6 August 1998

Yes, It Does Always Rain On The Weekend

Back when chaos theory was in fashion, aficionados used to talk about butterflies flapping their wings over Peking and causing cyclones in Fiji. The study of apparently innocuous events and their effect on the weather has one again come to the fore with researchers from Arizona State University (ASU) finding some interesting correlation between pollution and rainfall.

The study, published in Nature, suggests that rain is most likely to occur along the US Atlantic coast on the weekend and the weather is most likely to be better on a Monday, Tuesday or Wednesday. The most obvious culprit is the "natural" cloud-seeding effect created by the massive drift of East Coast pollution, which also follows a well defined weekly cycle. Even Atlantic hurricanes may feel the punch of the workweek, according to the study.
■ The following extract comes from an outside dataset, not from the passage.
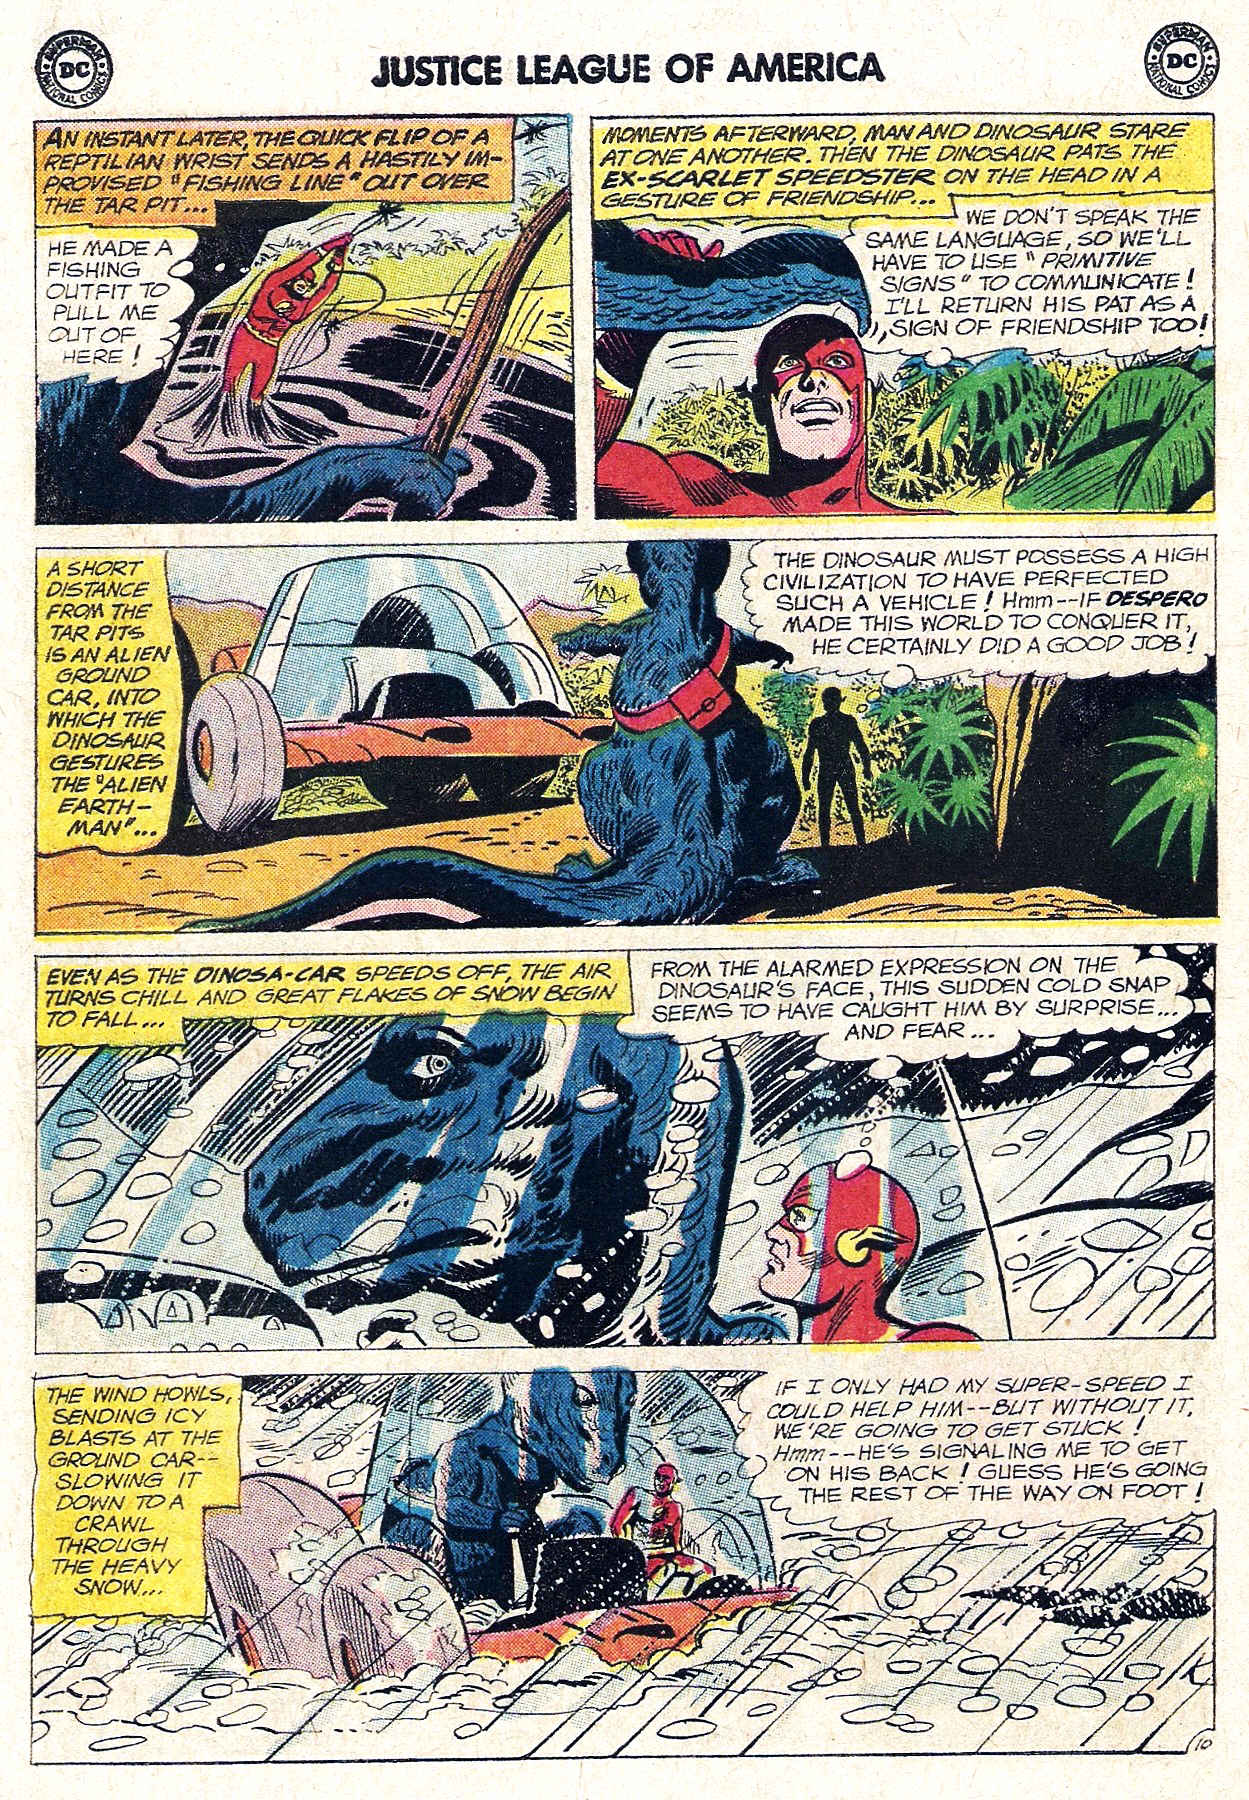 Justice League of America (1960) 26 Page 13

ASU climatologists Randall Cerveny and Robert Balling, Jr. examined and compared three different data sets - daily carbon monoxide and ozone measurements from a Canadian monitoring station on Sable Island off the coast of Nova Scotia, daily satellite-derived rainfall data for the Atlantic Ocean, and databases of coastal Atlantic hurricane measurements. In each case, when the two ASU scientists examined the data by day of the week, they found significant differences between days, and similar patterns of variation, with pronounced differences between beginnings and the ends of weeks. All three sets of climate data revealed a seven-day cycle.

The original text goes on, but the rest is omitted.